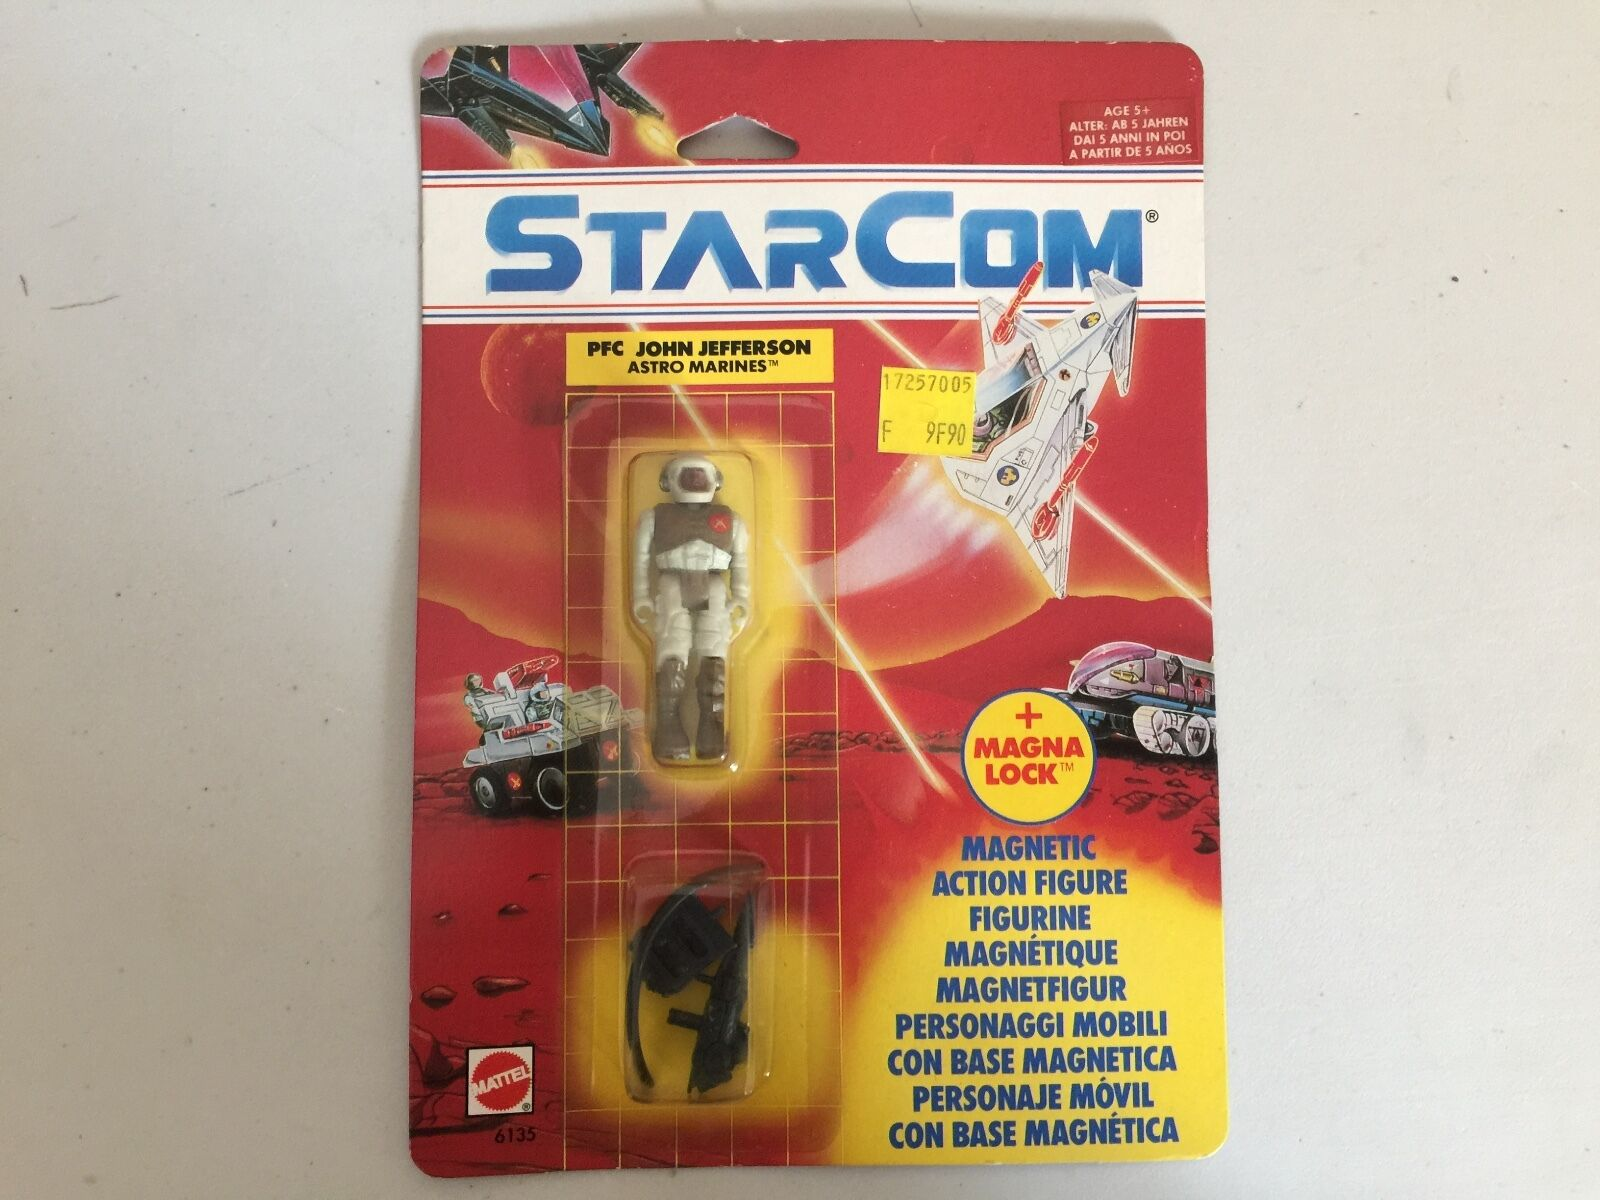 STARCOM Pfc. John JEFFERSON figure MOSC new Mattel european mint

--

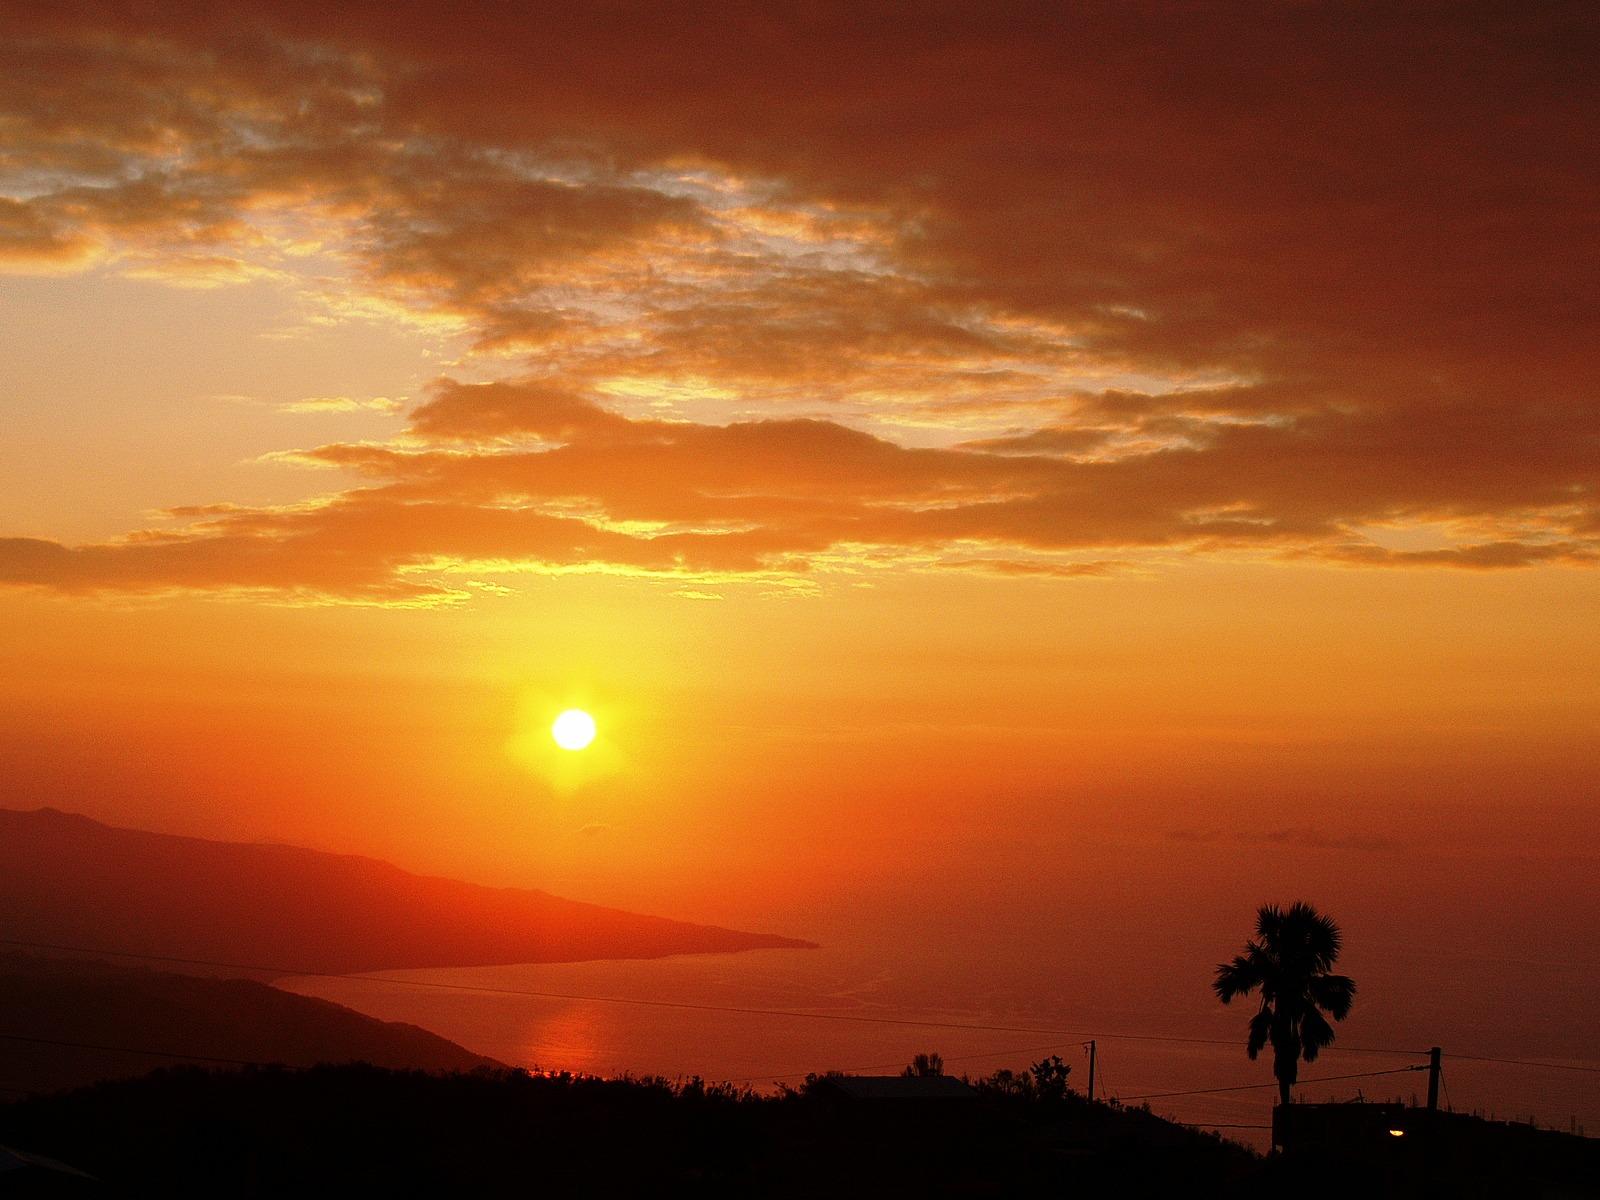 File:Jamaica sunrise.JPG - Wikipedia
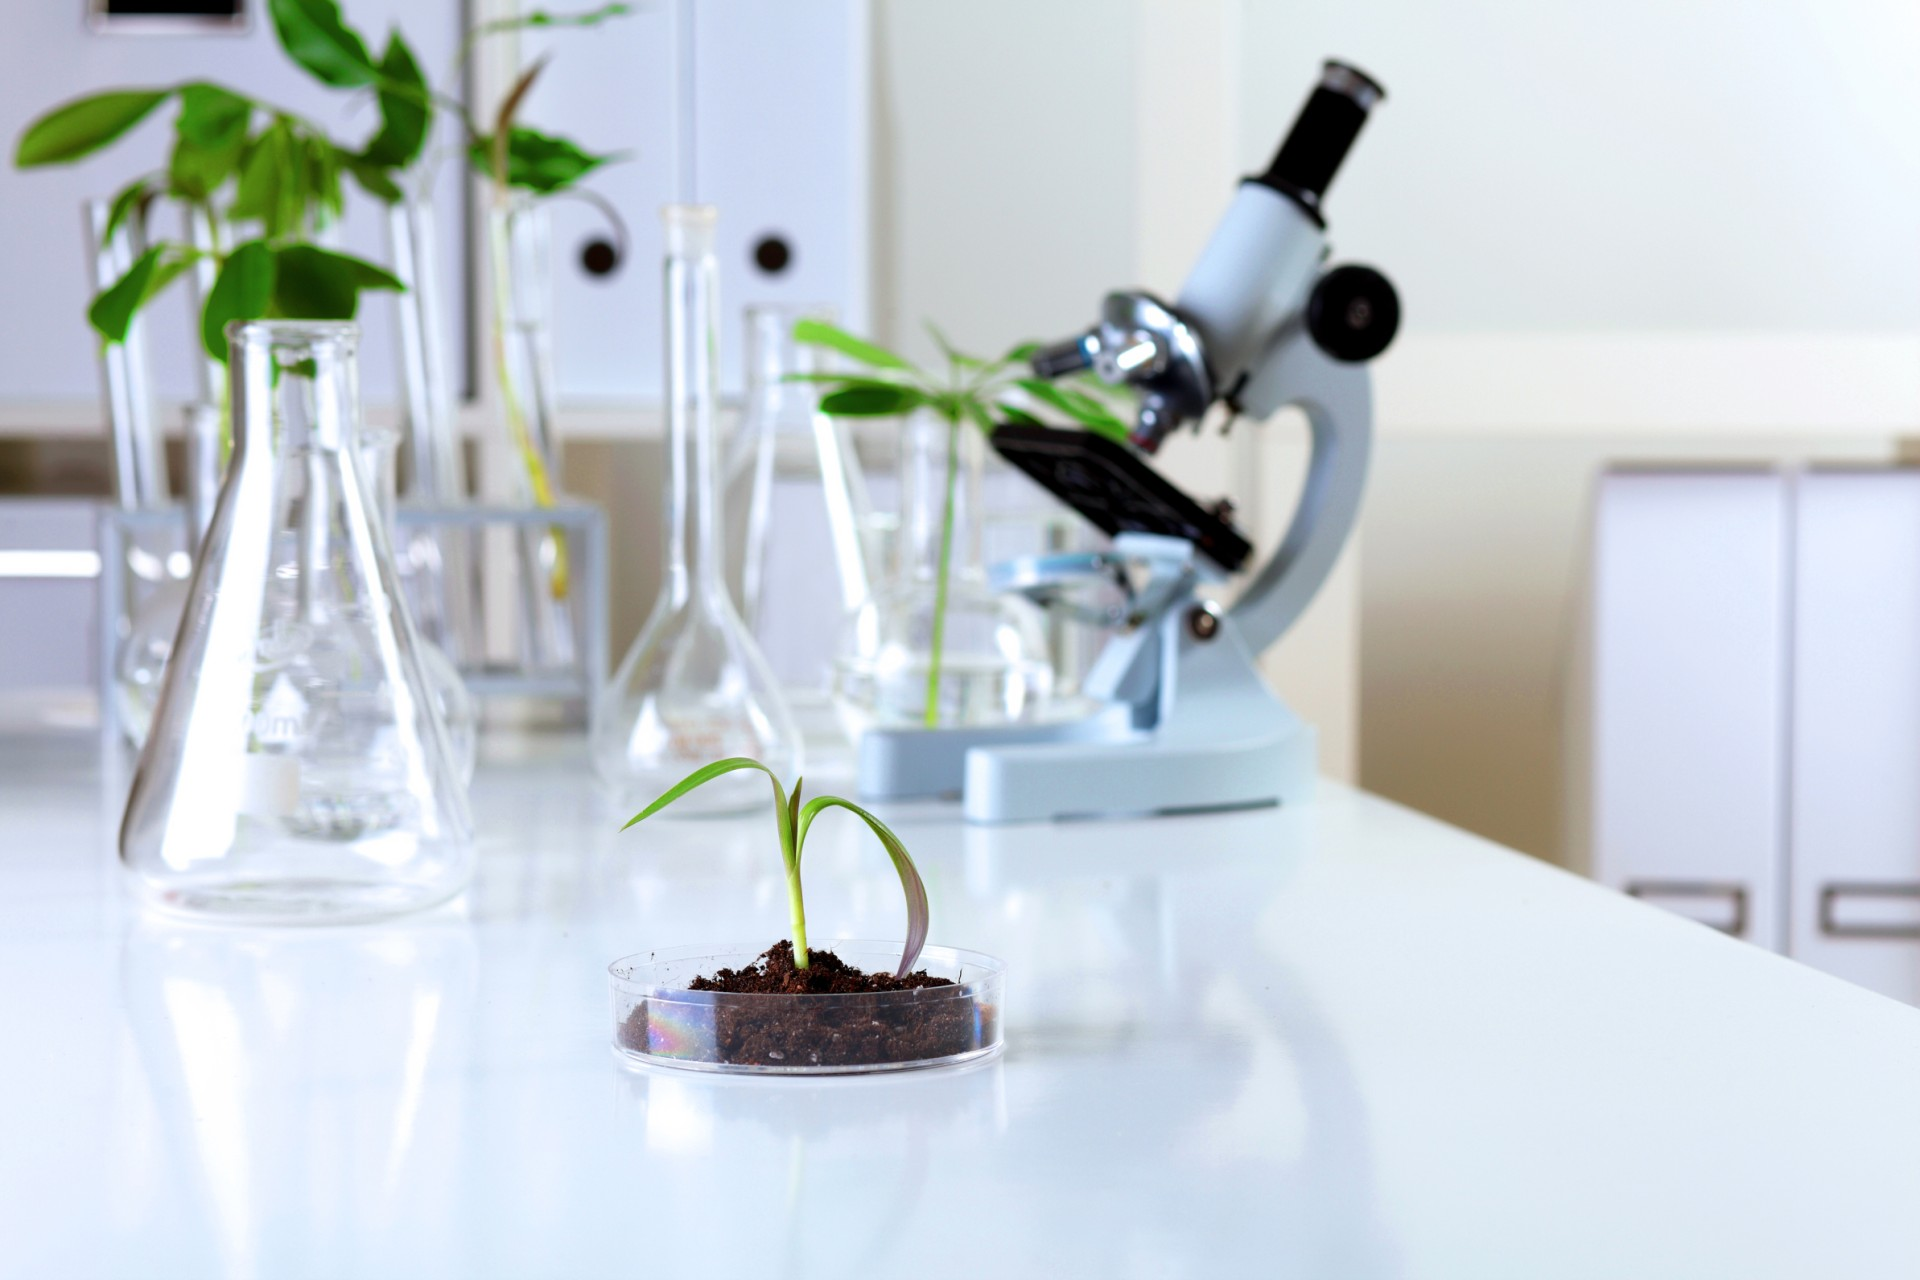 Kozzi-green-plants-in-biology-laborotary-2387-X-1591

• Problem statement:
For the material above, give again only the lines starting at the line that contains "File:Jamaica sunrise.JPG - Wikipedia" and ending at the line that contains "Kozzi-green-plants-in-biology-laborotary-2387-X-1591". Pictures do not belong in the copy.

• Solution:
 File:Jamaica sunrise.JPG - Wikipedia
 Kozzi-green-plants-in-biology-laborotary-2387-X-1591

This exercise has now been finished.